Les raisons officielles du rejet de la campagne par l'entreprise qui gère la publicité dans le métro de New York (MTA) ? "La diffusion de contenu indécent aux mineurs" et l'interdiction qui est faite de "l'exhibition publique de matériel sexuel". Pourtant, le site Buzzfeed a déterré des campagnes de pubs pour de la chirurgie esthétique ou des pilules contre les problèmes d'érection qui n'ont pas eu l'air de choquer la régie publicitaire à l'époque.

Le métro de New York semble avoir un souci avec les publicités destinées aux femmes. En 2015, il avait déjà interdit une publicité pour des culottes spéciales règles qui n'avait rien, mais alors rien, d"indécente".

Comme l'explique très bien l'historienne Michelle Perrot dans Mon histoire des femmes , "on les peint, on les représente depuis la nuit des temps, des grottes de la préhistoire, où l'on ne cesse de déchiffrer leurs traces, aux magazines et aux publicités contemporaines. Les murs de la ville sont saturés d'images de femmes. Mais que nous disent-elles sur leur vie et leur désirs ?". Nous sommes effectivement saturé·e·s d'images qui montrent les femmes mais qui sont victimes du regard masculin (male gaze).
Les illustratrices choquées par cette décision

Polly Rodriguez, la patronne d'Unbound, s'attendait à avoir des soucis pour faire la promotion de son entreprise et avait anticipé en consultant la régie publicitaire. Elle avait alors décidé d'orienter la campagne vers la célébration des femmes plutôt que de faire la promotion directe de ses sex-toys. Le mot d'ordre était pour les artistes chargées de créer les affiches : "Montrez-nous ce que l'amour pour soi veut dire pour vous."

Elle explique au Huffington Post : "Nous sommes déçues par la décision de la MTA d'interdire les entreprises de bien-être sexuel qui satisfont les femmes et les individus qui s'identifient comme femme, de faire de la publicité sur leurs quais [...] Nous avons besoin d'avoir ce type de débats maintenant plus que jamais."

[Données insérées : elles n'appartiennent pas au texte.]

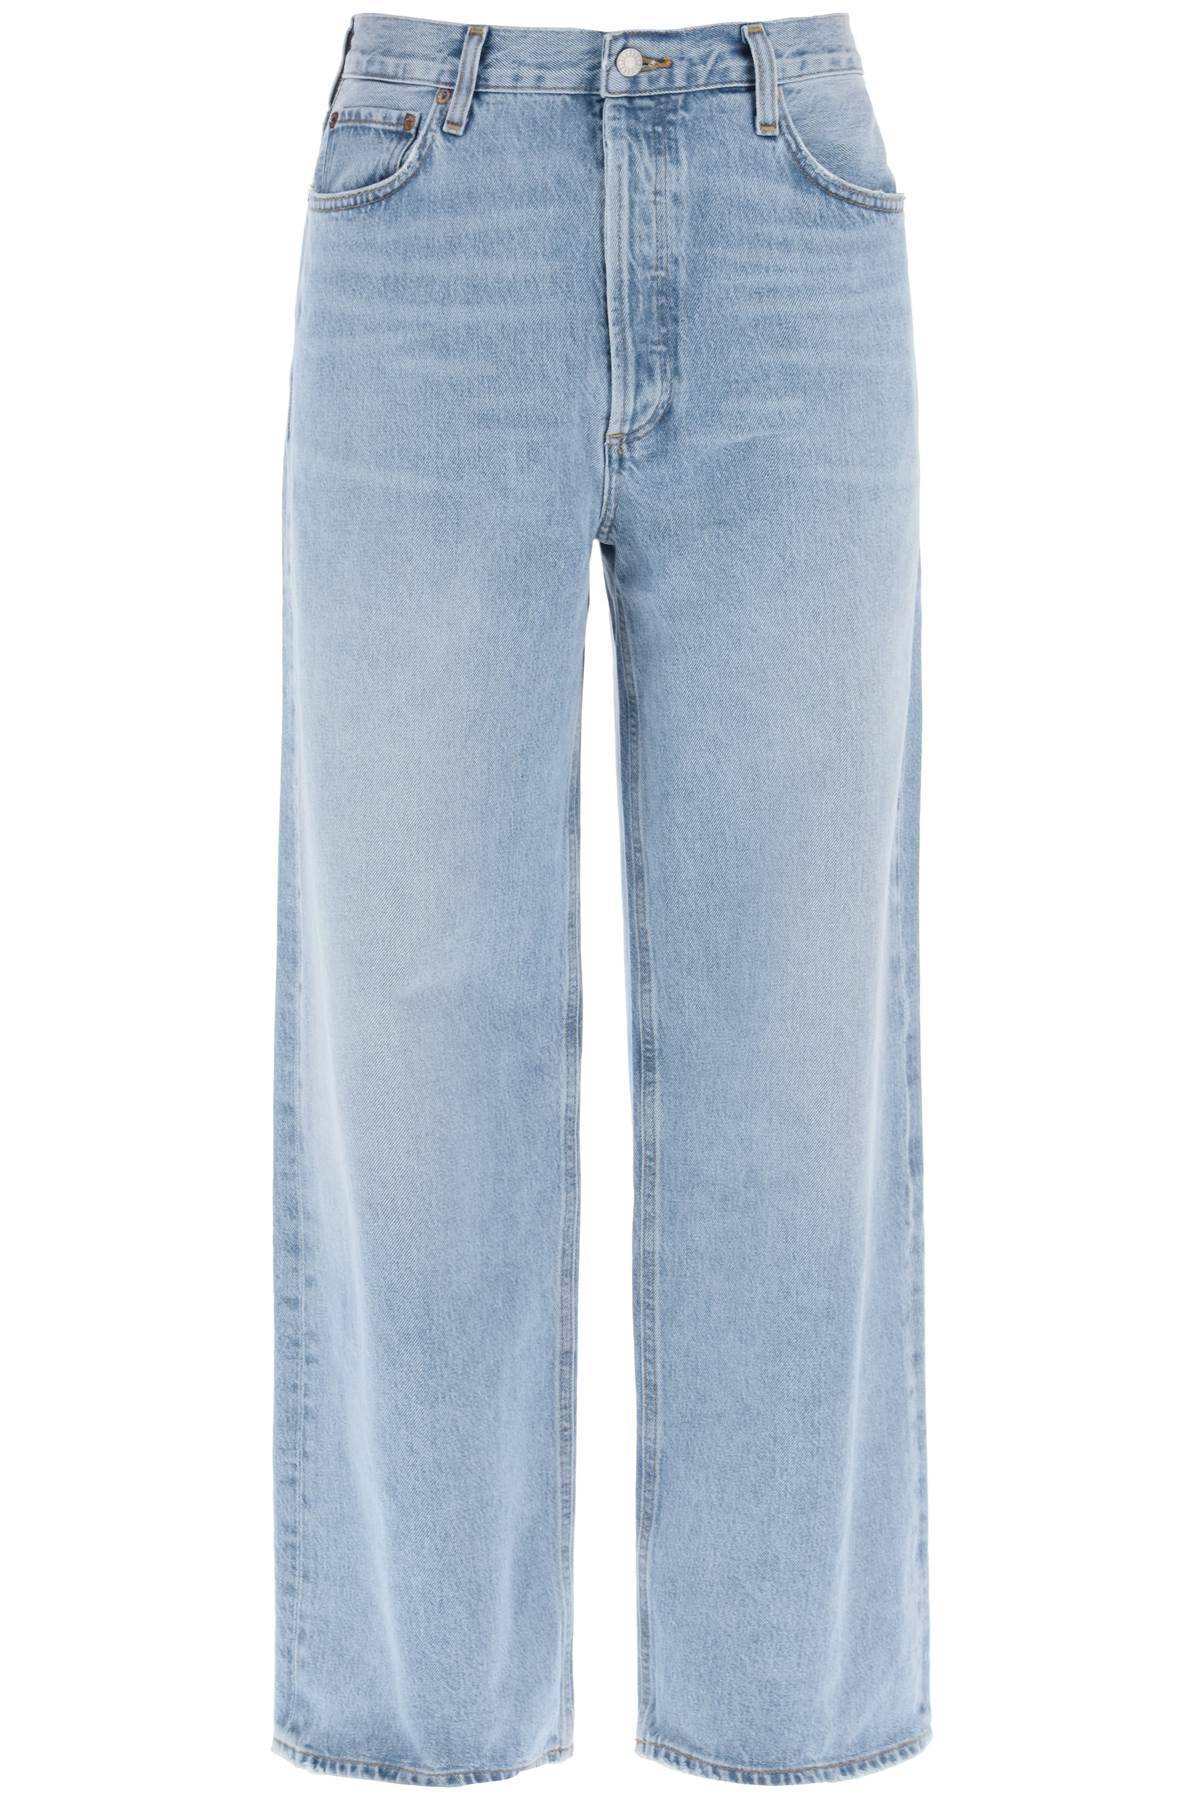 AGOLDE AGOLDE baggy slung jeans

L'une des illustratrices de la campagne de pub, Loveis Wise, a réagi sur Instagram à cette interdiction : "Premièrement, C'EST QUOI CE BORDEL, MTA ? Est-ce que vous pouvez imaginer qu'une magnifique campagne créée pour montrer la positivité du sexe et l'amour de soi-même, sans être ouvertement sexuelle, soit rejetée EN 2018 pour "matériel sexuel obscène", mais des campagnes à propos des dysfonctionnement érectiles masculins peuvent toujours être placées dans le métro ou dans l'espace public ?".

Elle explique plus tard au Huffington Post, : "Nous avons besoin de plus d'images positives sur le sexe, surtout parce que des pans de la société nous enseignent encore à avoir honte de notre auto-plaisir."

Une autre des artistes, Liu-Wong rigole doucement : "Comment des pilules pour soigner le dysfonctionnement érectile, des publicités pour des augmentations mammaires [...] sont moins sexuellement explicites que de l'art illustré qui ne dépeint aucune nudité, pas d'actes sexuels et présente seulement discrètement des objets qu'il faudrait que vous soyez plus vieux pour identifier de toutes façons [...] La plupart des enfants de dix ans ne savent pas ce que sont des chapelets thaïs mais ils peuvent sûrement lire les mots "dysfonctionnement érectile"".

Le cas de cette campagne interdite de métro n'est pas isolé : en Angleterre, il y avait eu le fameux "beach body ready" (corps prêt pour la plage) d'une marque de complément alimentaire en 2015, mais pas plus tard que l'année dernière, une pub pour des collants sur laquelle apparaît une danseuse de dos mais topless s'était faite recaler par le métro de Londres. Pas un bout de sein, mais un peu trop de peau à leur goût. En novembre 2017 c'est une pub représentant des dessins où l'on voit les règles qui choquaient les usagers du métro de Stockholm.

Bref, un étalage de peau et de corps féminin par les hommes et pour les hommes, cela passe. Mais la célébration du corps féminin par des femmes n'est pas possible. Il est temps de changer les représentations des femmes dans les pubs. Pour le sentiment que les femmes ont d'elles-mêmes mais aussi pour l'image qu'on leur renvoie en permanence et à longueur d'affiches.